How to maintain lucene indices in an azure cloud application

Question

How to maintain lucene indices in an azure cloud application

I just started playing with the Azure Library for Lucene.NET ( http://code.msdn.microsoft.com/AzureDirectory ). So far I have used my own code to write lucene indices on an azure blob. So, I copied the blob in the localstorage of the azure role on the Internet / worker and read / wrote documents to the index. I used my own locking mechanism to make sure that we have no conflicts between reading and writing to blob. I hope the Azure Library takes care of these issues for me.
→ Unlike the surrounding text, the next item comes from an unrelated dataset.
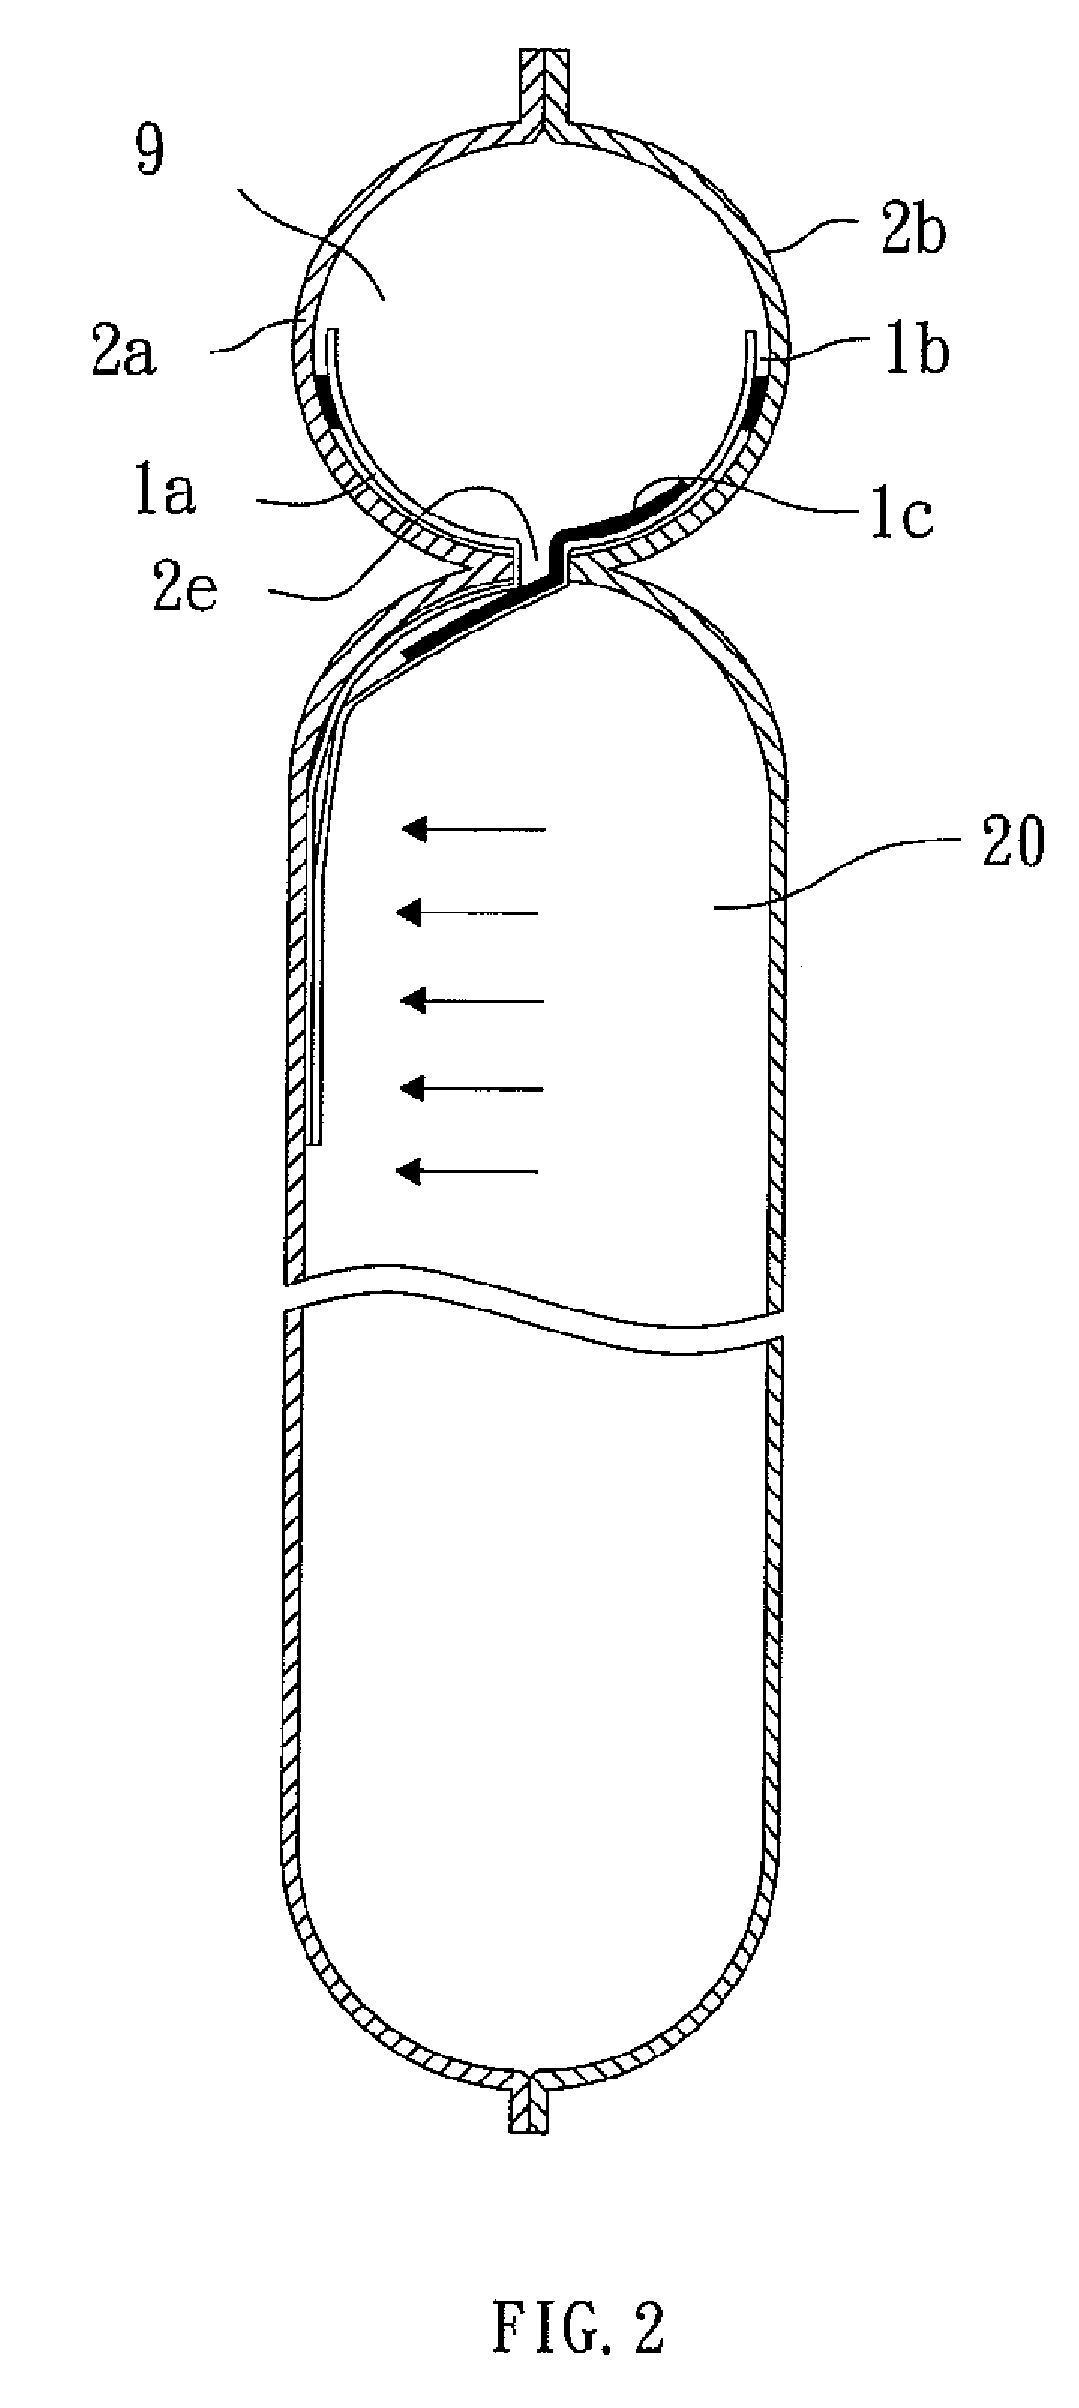 Hammock-type vibration-absorbing air sheath
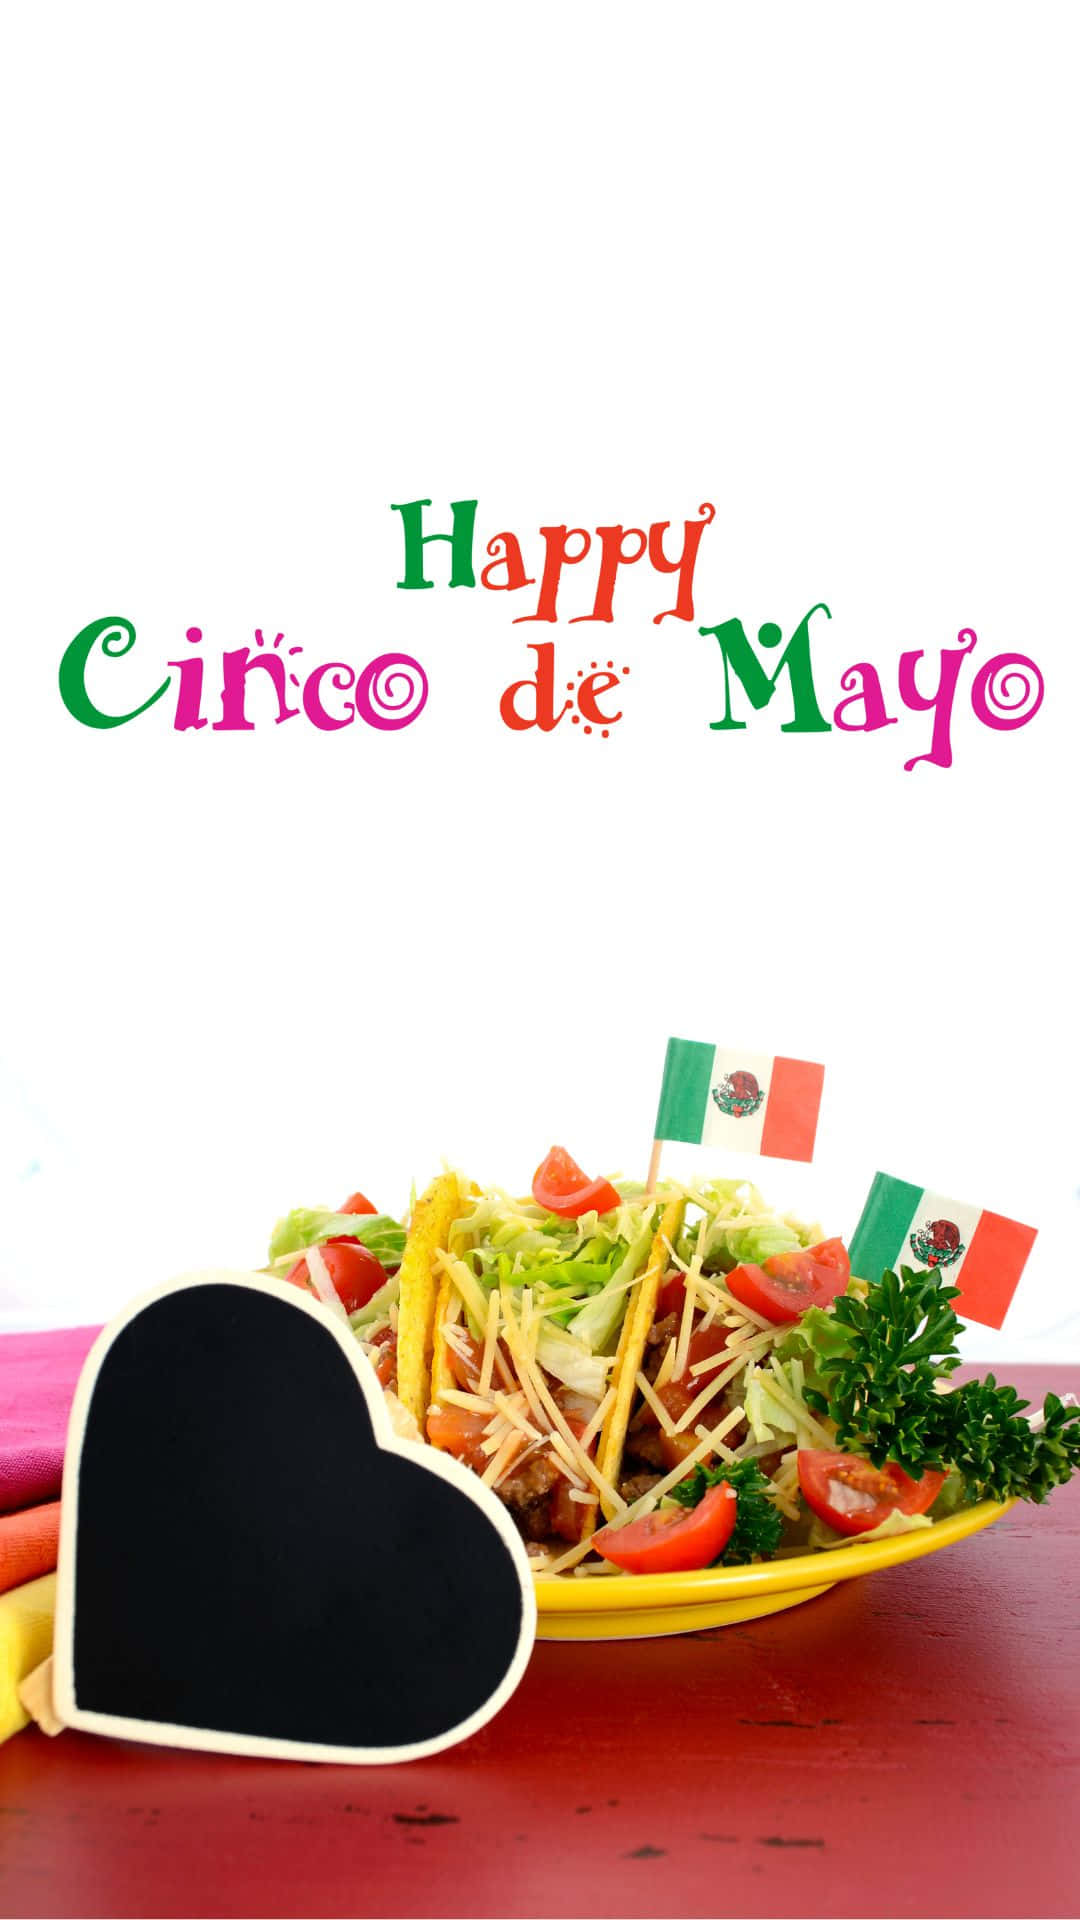 Gladcinco De Mayo - Hd Bakgrundsbilder Wallpaper

However, while testing the test application, I changed the code to use the compound file parameter, and every time I wrote to the index, I created a new file. Now, my question is: if I need to maintain an index - I save a snapshot of the index file and use it, if the main index is damaged, then how can I do it. Should I keep a backup of all .cfs files that are created or processed only with the latter, fine. Are there any api calls to clear blob to save the last file after each write to the index?

Thanks Kapil

+4

indexing azure lucene lucene.net azure-storage

Kapil Oct 08 '10 at 14:24

source share

2 answers

I use AzureDirectory for full-text indexing on Azure, and I get some odd results ... but hopefully this answer will be useful to you ...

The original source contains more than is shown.